A TV show, like any serial creative work, is going to evolve as time goes on. Some take a year to find their best working rhythms, learning from their mistakes and producing sophomore seasons that define what made the idea worth pursuing in the first place. Some learn the wrong lessons and begin to drift away from what worked rather than refine it. The Man from U.N.C.L.E.’s second season falls into the latter category, as a new look and a turn toward the tongue-in-cheek mars an otherwise solid spy drama.
It’s not that it’s a bad show. The best components still perform admirably. Robert Vaughn charms as slick American agent Napoleon Solo while David McCallum smolders as his Russian partner, Illya Kuryakin. The two of them have the rhythm down pat, and along with Leo G. Carroll as the director of the United Network Command for Law and Enforcement (you knew U.N.C.L.E. stood for something, right?), they form the core of an efficient and enjoyable spy drama, just as they did in season one. So why does this season seem like a step in the wrong direction?
Strangely, the move from black and white to color does them no favors from the outset. The series had never operated on an extravagant budget, but full color only serves to highlight the sparseness and cheapness of sets and props. Simple touches like the triangular badges that the agents wear around headquarters turn out to be garish yellow accents that seem more suited to a morning kindergarten than an international espionage agency. As with any major shift in technology, it takes time to learn what works best.
Perhaps to compensate for this less forgiving style of broadcasting, the writers—under a new showrunner—begin throwing Solo and Kuryakin into more and more grandiose and outlandish plots as they work to outwit the nefarious schemes of T.H.R.U.S.H. (and no, they never do actually tell you what that one stands for). The season’s opening two-parter has them facing a megalomaniac who not only challenges Solo to a giant game of human chess, but he also traps the pair of agents in scenarios straight out of Poe’s The Pit and the Pendulum.
And yet there are a number bright spots, anchored by the ever-reliable Vaughn and McCallum and aided by some well-used guest stars. Vincent Price appears in a nifty early episode that reinforces how elaborate sci-fi elements can play well with spy drama, but those well-balanced efforts come fewer and farther between as the season continues. Sadly, it all culminates in the season’s final episode and creative nadir, a failed Western spoof loaded with lazy stereotypes and terrible dialogue.
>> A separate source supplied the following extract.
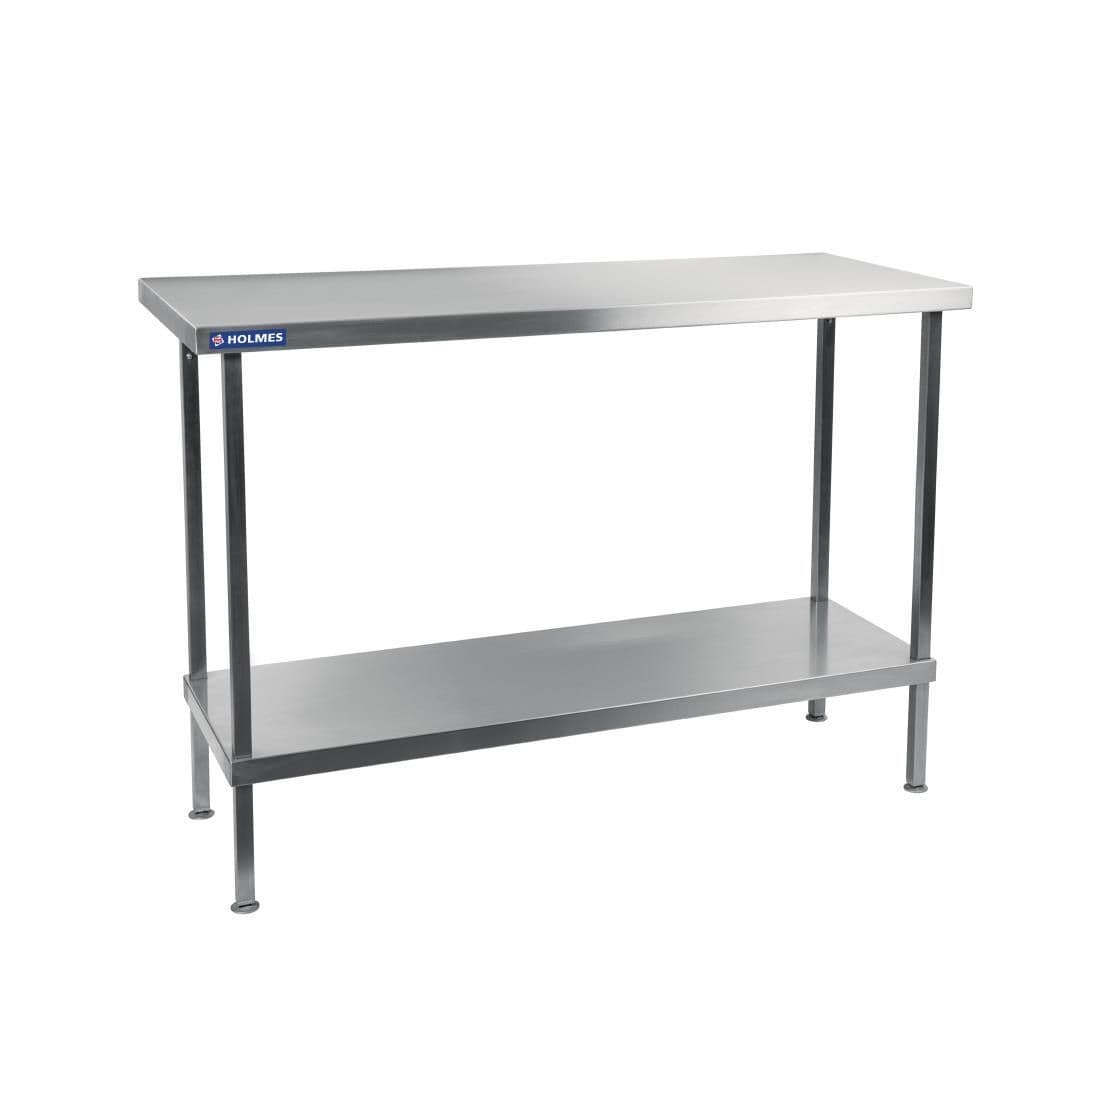 DR048 Holmes Stainless Steel Centre Table 600mm JD Catering Equipment Solutions Ltd
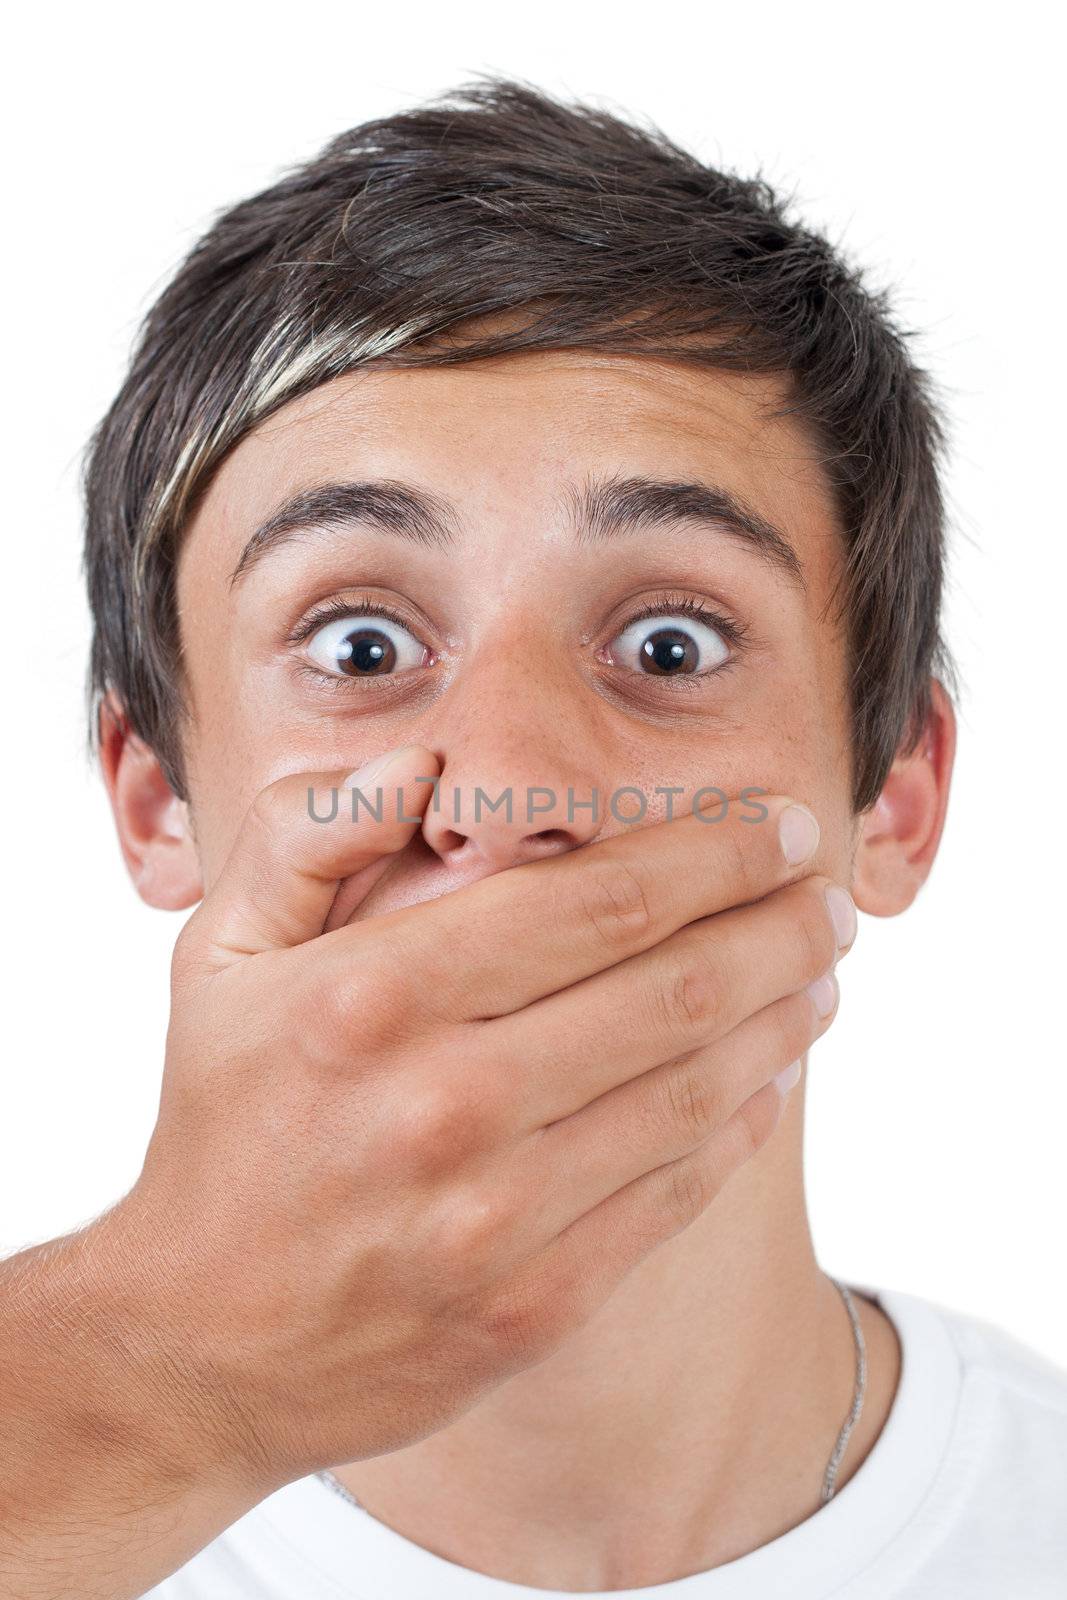 afraid swarthy victim man with hand covering his mouth  - isolated on white background

Even as the show trends downwards, there’s enough in season two of The Man from U.N.C.L.E. to recommend it for fans of the genre. It’s easy enough to overlook some shoddy sets or far-fetched plotting in favor of two of the deadliest and most dashing spies to shoot their way across the living room screen—at least for now.
DVD Review:
The Man from U.N.C.L.E.: The Complete Season 2 contains all 30 episodes of the second season, including several two-parters that were released as theatrical films in the international market. Hopefully that’s an interesting tidbit for you, since this bare-bones set doesn’t include anything beyond the episodes themselves.